What is needed ::
Produce an exact copy of the data below.

(Data shown begins)

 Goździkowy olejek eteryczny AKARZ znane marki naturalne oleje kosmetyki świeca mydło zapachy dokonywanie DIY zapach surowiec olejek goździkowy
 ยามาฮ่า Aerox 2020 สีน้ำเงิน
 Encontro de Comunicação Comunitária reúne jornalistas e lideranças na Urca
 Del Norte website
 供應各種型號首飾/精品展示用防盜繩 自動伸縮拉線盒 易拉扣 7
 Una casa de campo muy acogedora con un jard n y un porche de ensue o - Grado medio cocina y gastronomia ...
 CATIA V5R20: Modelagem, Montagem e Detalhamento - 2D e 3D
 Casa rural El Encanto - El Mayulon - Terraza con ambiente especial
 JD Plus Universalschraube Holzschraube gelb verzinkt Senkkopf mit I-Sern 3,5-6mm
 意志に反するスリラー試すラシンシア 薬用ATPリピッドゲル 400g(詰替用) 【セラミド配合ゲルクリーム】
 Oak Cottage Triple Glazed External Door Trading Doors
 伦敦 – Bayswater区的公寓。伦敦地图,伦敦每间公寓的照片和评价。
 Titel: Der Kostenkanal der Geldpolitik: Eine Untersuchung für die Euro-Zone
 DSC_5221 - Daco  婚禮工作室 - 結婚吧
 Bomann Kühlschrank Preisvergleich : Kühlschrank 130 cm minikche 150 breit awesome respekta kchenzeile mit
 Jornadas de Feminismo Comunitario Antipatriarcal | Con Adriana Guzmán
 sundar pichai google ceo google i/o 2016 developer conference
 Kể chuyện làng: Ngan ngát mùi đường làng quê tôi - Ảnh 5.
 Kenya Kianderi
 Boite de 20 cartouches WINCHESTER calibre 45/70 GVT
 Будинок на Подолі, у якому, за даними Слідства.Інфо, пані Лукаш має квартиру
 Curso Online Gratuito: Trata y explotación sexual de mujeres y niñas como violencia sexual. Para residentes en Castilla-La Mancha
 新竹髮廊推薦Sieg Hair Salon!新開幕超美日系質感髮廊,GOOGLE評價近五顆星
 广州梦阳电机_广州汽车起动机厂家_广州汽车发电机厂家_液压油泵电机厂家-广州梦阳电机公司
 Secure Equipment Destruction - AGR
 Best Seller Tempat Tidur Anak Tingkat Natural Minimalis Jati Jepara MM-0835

(Data shown ends)

Reply to the task ::
 Goździkowy olejek eteryczny AKARZ znane marki naturalne oleje kosmetyki świeca mydło zapachy dokonywanie DIY zapach surowiec olejek goździkowy
 ยามาฮ่า Aerox 2020 สีน้ำเงิน
 Encontro de Comunicação Comunitária reúne jornalistas e lideranças na Urca
 Del Norte website
 供應各種型號首飾/精品展示用防盜繩 自動伸縮拉線盒 易拉扣 7
 Una casa de campo muy acogedora con un jard n y un porche de ensue o - Grado medio cocina y gastronomia ...
 CATIA V5R20: Modelagem, Montagem e Detalhamento - 2D e 3D
 Casa rural El Encanto - El Mayulon - Terraza con ambiente especial
 JD Plus Universalschraube Holzschraube gelb verzinkt Senkkopf mit I-Sern 3,5-6mm
 意志に反するスリラー試すラシンシア 薬用ATPリピッドゲル 400g(詰替用) 【セラミド配合ゲルクリーム】
 Oak Cottage Triple Glazed External Door Trading Doors
 伦敦 – Bayswater区的公寓。伦敦地图,伦敦每间公寓的照片和评价。
 Titel: Der Kostenkanal der Geldpolitik: Eine Untersuchung für die Euro-Zone
 DSC_5221 - Daco  婚禮工作室 - 結婚吧
 Bomann Kühlschrank Preisvergleich : Kühlschrank 130 cm minikche 150 breit awesome respekta kchenzeile mit
 Jornadas de Feminismo Comunitario Antipatriarcal | Con Adriana Guzmán
 sundar pichai google ceo google i/o 2016 developer conference
 Kể chuyện làng: Ngan ngát mùi đường làng quê tôi - Ảnh 5.
 Kenya Kianderi
 Boite de 20 cartouches WINCHESTER calibre 45/70 GVT
 Будинок на Подолі, у якому, за даними Слідства.Інфо, пані Лукаш має квартиру
 Curso Online Gratuito: Trata y explotación sexual de mujeres y niñas como violencia sexual. Para residentes en Castilla-La Mancha
 新竹髮廊推薦Sieg Hair Salon!新開幕超美日系質感髮廊,GOOGLE評價近五顆星
 广州梦阳电机_广州汽车起动机厂家_广州汽车发电机厂家_液压油泵电机厂家-广州梦阳电机公司
 Secure Equipment Destruction - AGR
 Best Seller Tempat Tidur Anak Tingkat Natural Minimalis Jati Jepara MM-0835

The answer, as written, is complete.